Trade Forex online: Yen fell on Monday (09-09-2013) as Japanese stocks raised prices on Olympics euphoria

Some news can affect the Forex market significantly, so it is necessary to be tuned in with the latest news to know what is happening and make better decisions to trade Forex online; for example, the yen fell against the dollar and the euro on Monday (09-09-2013) losing ground after Japanese stocks rallied following Tokyo's winning bid to host the 2020 Olympics and an upgrade of second-quarter GDP, according to Reuters.com

It is known that the Olympics bring lots of tourists to the host country. If Japan wins the hosting of the games, that could be translated into big gains for the Japanese economy and a shot in the arm for Prime Minister Shinzo Abe who is attempting to reflate the economy after decades of below-par growth and deflation.
The Tokyo bid committee reckons that hosting the Olympics would boost the economy – from construction and higher prices – by 3 trillion yen ($30.14 bln) over the next seven years. 
This boosted the Nikkei, which jumped to a five-week high and since the yen has an inverse correlation with Tokyo shares, the currency dipped. A sharp upward revision of second-quarter Japanese gross domestic product also lifted stocks.
Knowing the correlations between currencies and stocks or commodities is a good tool to trade Forex online and be successful. 
The dollar rose 0.4 percent on the day to 99.55 yen having hit a high of 100.11 yen earlier on Monday (09-09-2013). The euro rose 0.5 percent to 131.25 yen.

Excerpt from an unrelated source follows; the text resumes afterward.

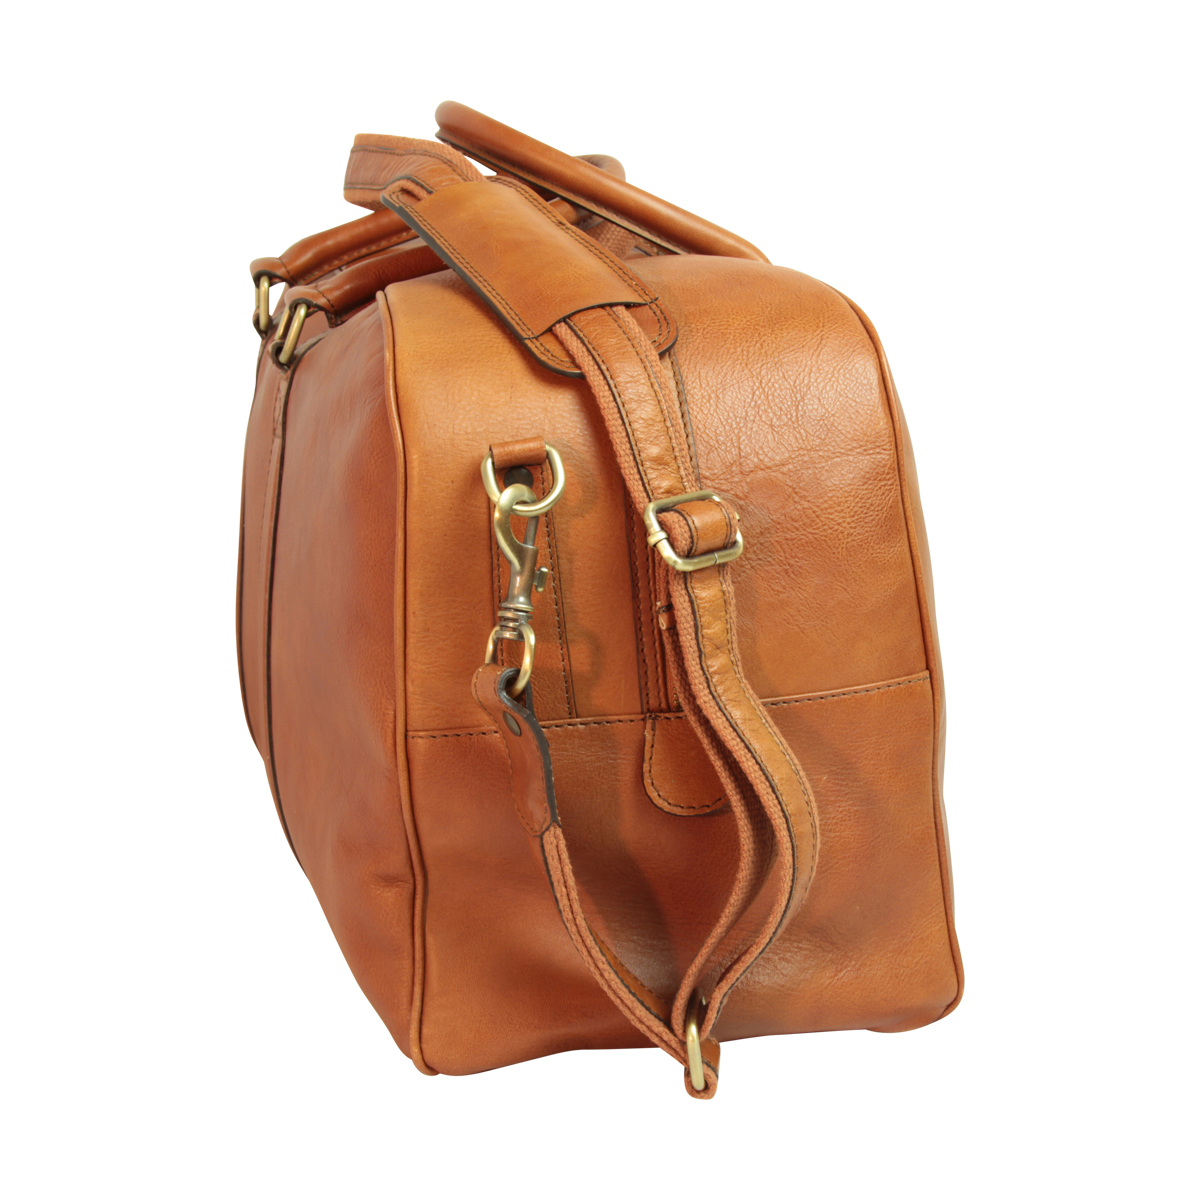 Soft Calfskin Leather Travel Bag - Gold | 030591CO UK | Old Angler Firenze

Both the dollar and the euro have gained more than 14 percent this year against the yen for the trade Forex online market, as the Bank of Japan embarked on a massive monetary stimulus program in April to boost the export-driven economy.
"The Olympics bid has added a bit more to the underlying negative yen trend," said Paul Robson, currency strategist at RBS Global Banking.
But investors that trade Forex online, will be wary about selling the yen, or the Swiss franc, in a big way given concerns of a possible U.S.-led military strike against Syria. Both currencies are seen as safe havens during times of crisis. The White House on Sunday pressed ahead with the uphill effort of persuading Congress to approve a military strike.